• **ABOUT THIS EXERCISE**
In the listing below, a line holding "43 3.2.4. Applicazioni" and a line holding "Nutritional Information Sheet – 2019" mark the range. Retype both exactly, with all lines between them.

• **SUPPLIED MATERIAL**

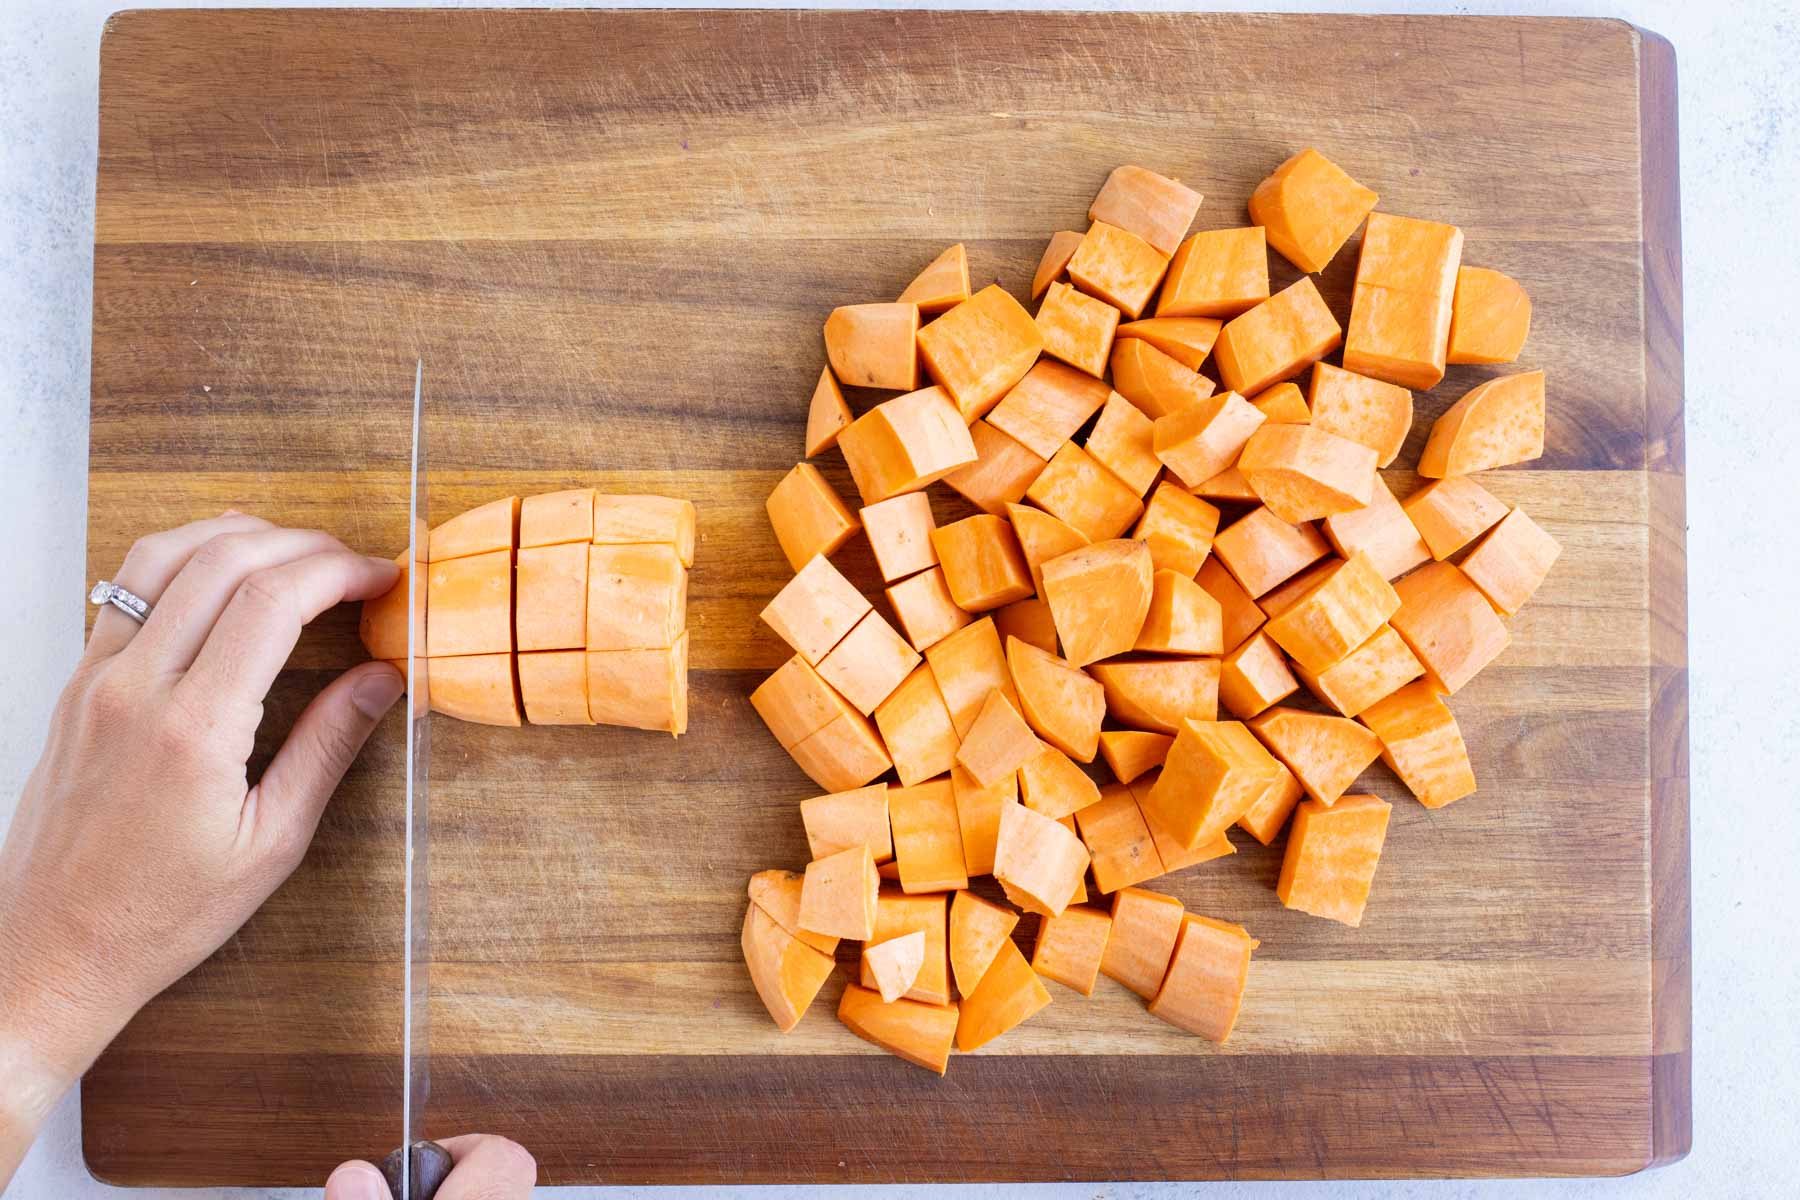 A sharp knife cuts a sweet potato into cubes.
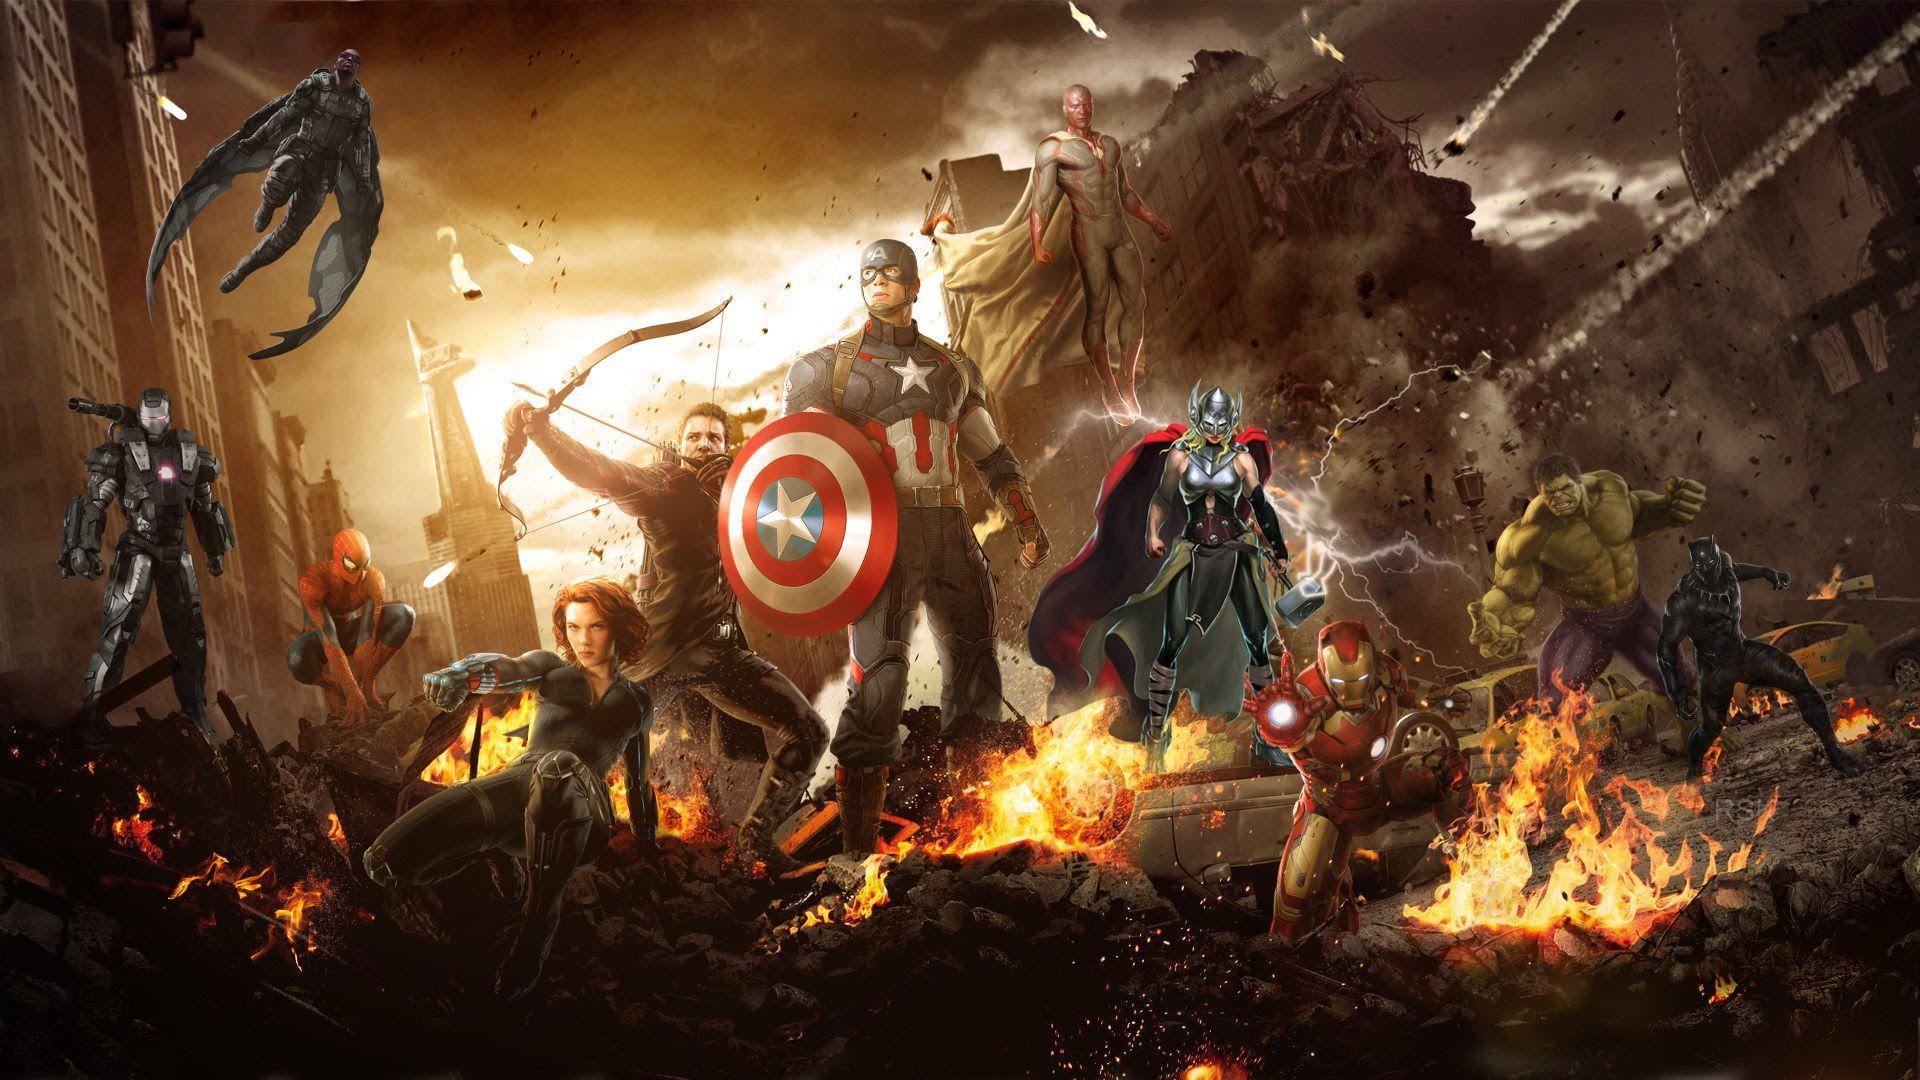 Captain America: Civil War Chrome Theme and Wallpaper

...

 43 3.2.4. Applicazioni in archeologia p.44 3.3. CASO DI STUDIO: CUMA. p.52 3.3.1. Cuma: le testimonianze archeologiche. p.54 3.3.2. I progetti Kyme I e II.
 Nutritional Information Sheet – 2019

--

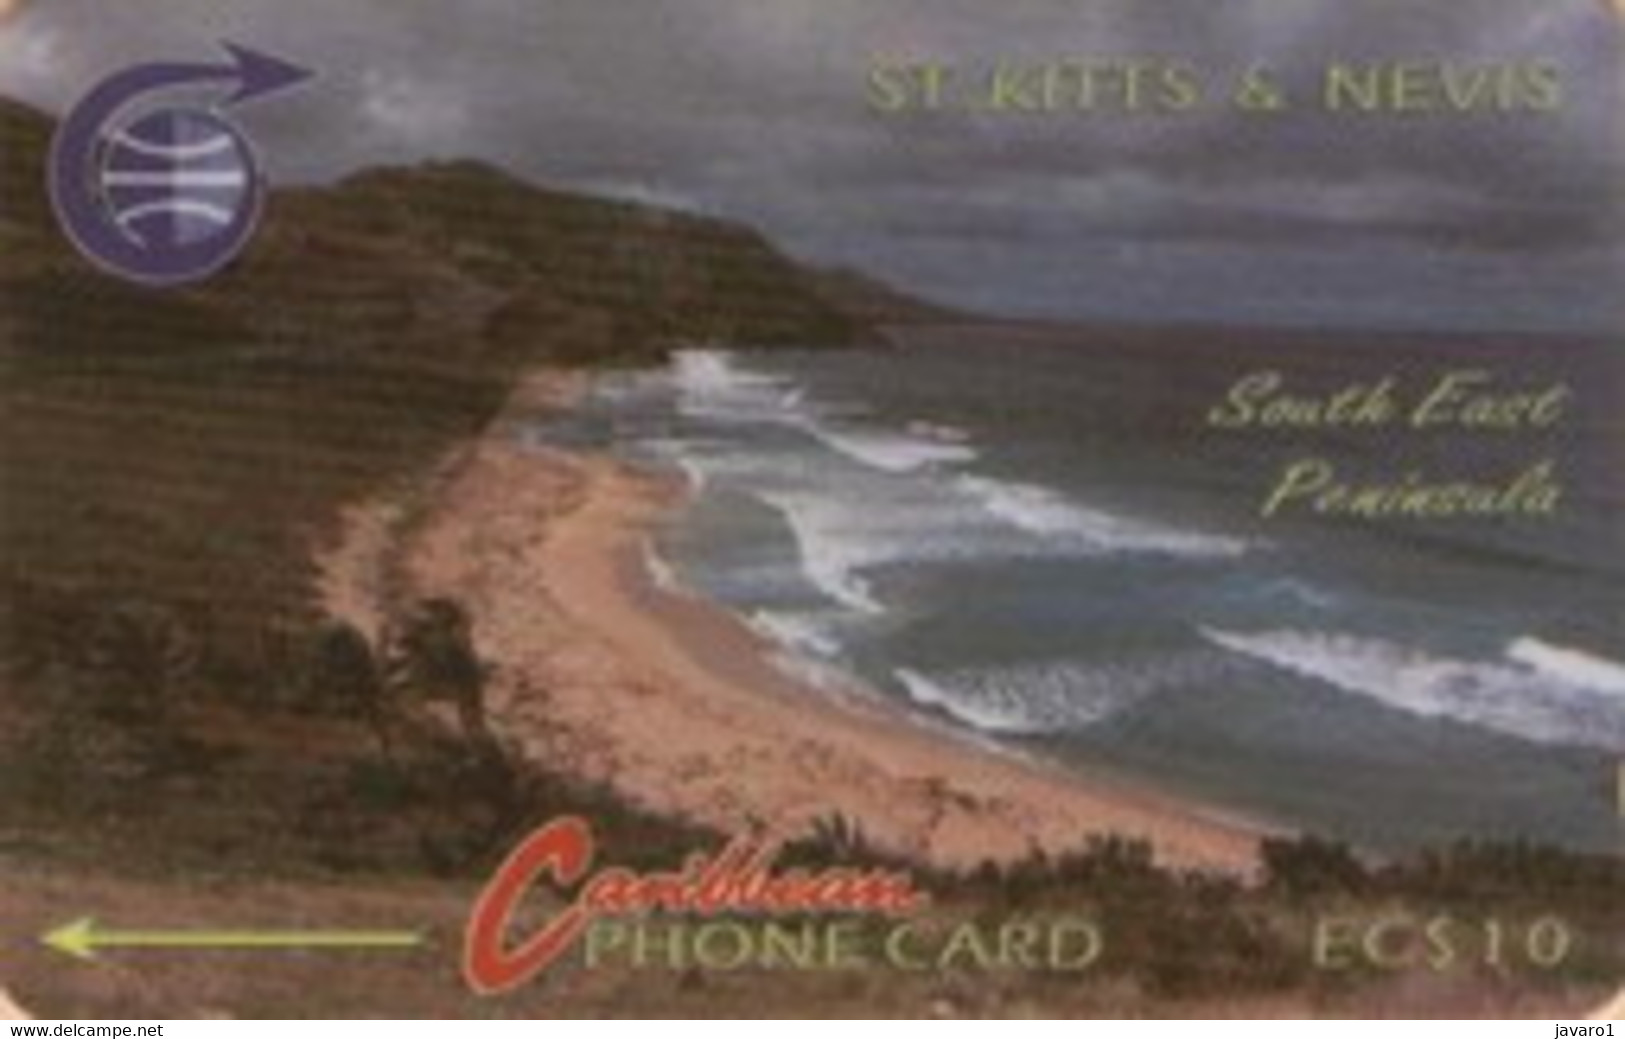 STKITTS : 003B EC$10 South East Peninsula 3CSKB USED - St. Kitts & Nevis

• **TASK SOLUTION**
 43 3.2.4. Applicazioni in archeologia p.44 3.3. CASO DI STUDIO: CUMA. p.52 3.3.1. Cuma: le testimonianze archeologiche. p.54 3.3.2. I progetti Kyme I e II.
 Nutritional Information Sheet – 2019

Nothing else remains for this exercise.